Could it be something related to the changing of the guard in French politics? Possibly yes, possibly no, but both sides of the house of Dior have been distinctly turning towards the youth vote recently. After Maria Grazia Chiuri sent out young girls, wearing denim and ’68-er leather berets, in her women’s ready-to-wear show, Kris Van Assche had a lineup of teen boys at Dior Homme. As the house celebrates the 70th anniversary since Christian Dior’s revolutionary New Look, Van Assche is consciously looking for what can be extracted from the past to make it relevant to a new generation. “The energy of youth is appealing to me as a fortysomething,” he said before the show. “The first chunk of the collection is about the DNA of Dior, which is the black suit and the white shirt. How do I go about it, how do I reinvent it, make it for the future, and deconstruct it? There’s a lot being said about the suit being over, but I’m totally convinced it’s not. It’s just a question of making the right proposals.”
In a strange way, there was a romantic subtext to it—as well as a deliberate logo-emphasizing pitch to commercial broadcasting. Van Assche imagined the life-changing moment when college boys wake up to the sexual power of dressing up, “When you become aware the way you make an effort in how you dress can make a difference with the girls.” A “prom” rosette was pinned to the lapel of a black waistcoat, made from a tape with 3 Rue de Marignan, the address of the Dior men’s studio, woven into it. “The time you get to stay out for the first time” was evoked when the boys headed out on sneakers into a set laid with green turf under a night sky made of a symbolic hanging of black plastic.
Close up, the tailoring was ingeniously made and subtly coded. The first black ottoman suit contained an homage to Dior’s New Look Bar Jacket with a curved-in body-line. Look four, a reinvented tailcoat, was cut in spiralling panels, “on the bias, draped around the body like a dress, really,” Van Assche explained. (He didn’t spell it out, but surely it was a reference to John Galliano’s contribution to Dior history?) The boy who was wearing it for his big night out also had on what Van Assche called a pair of “little gym shorts,” in the ottoman fabric.

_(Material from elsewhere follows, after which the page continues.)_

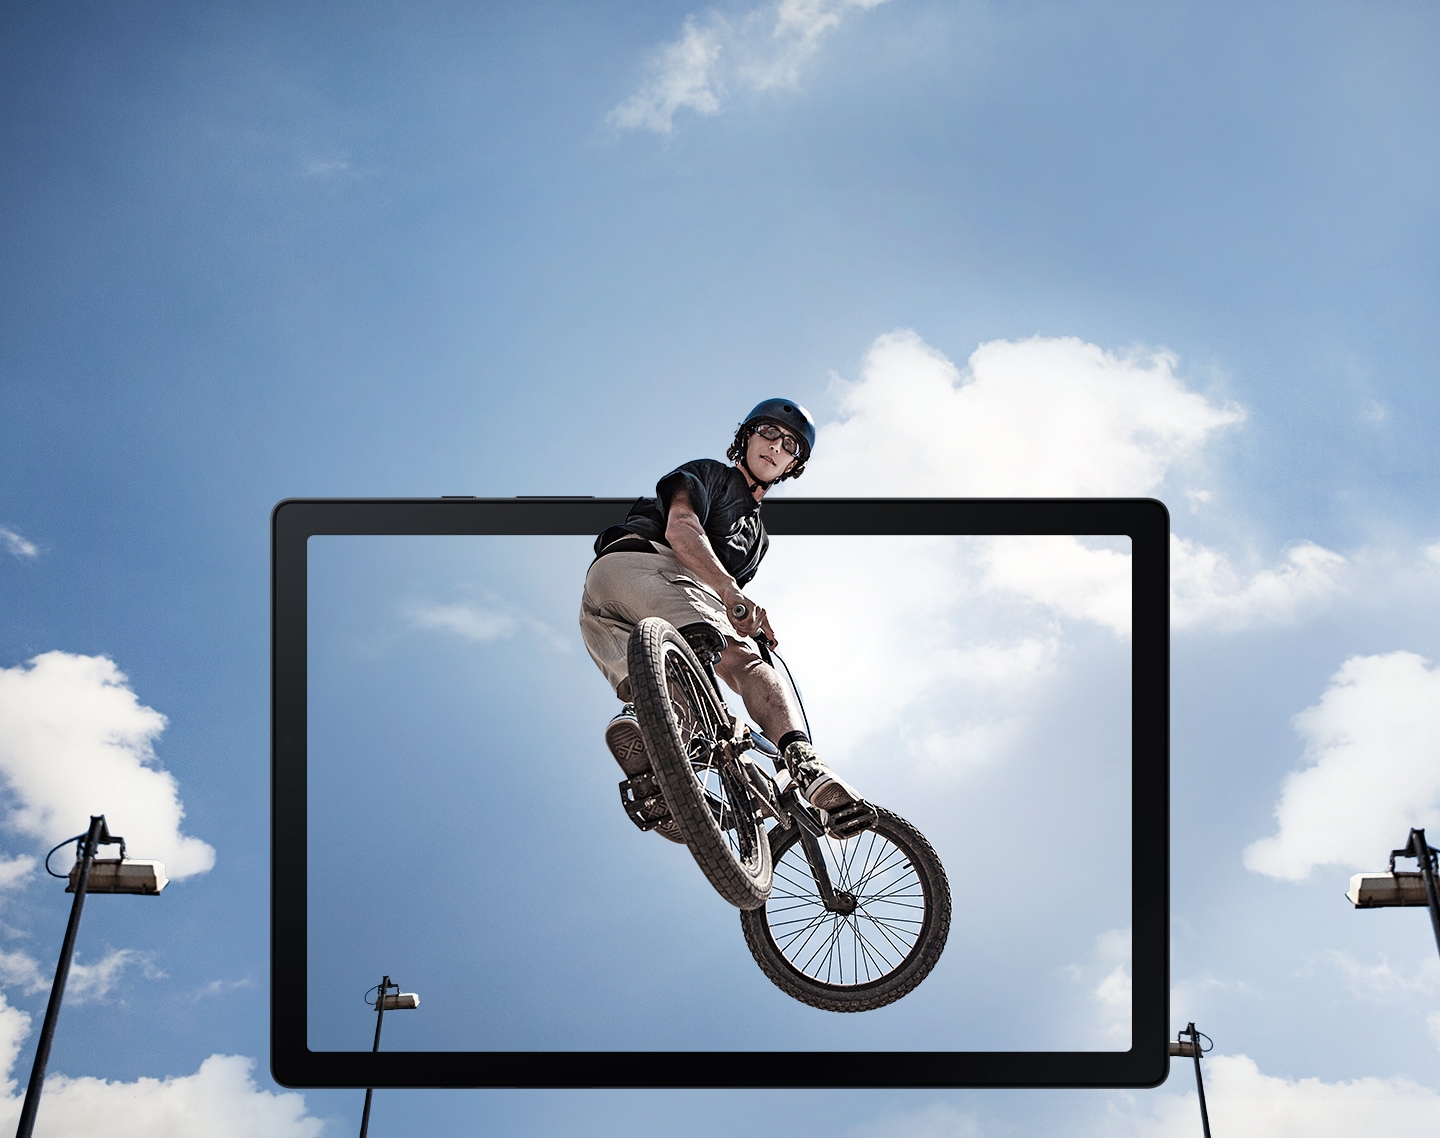 Samsung Tab A8 - A man doing a jump on a BMX bicycle in the air is shown popping out of a tablet screen.

Those short shorts. The sexual objectification of the male leg has been a controversial talking point of the menswear shows. Van Assche segued more of them into the show with the second section of the narrative where sportswear took over, or as he described it, “The contrasts which are more what Kris Van Assche brings. The striped knit, the sweatshirts, the varsity jacket. It’s supposed to make you think of a school uniform really. The time you start to go out and get into trouble.” There were tailoring-sportswear hybrids; half baseball jacket, half blazer; a jacket with short polo shirt sleeves. “It’s very street in a way,” Van Assche concluded, “But the work is very precious.”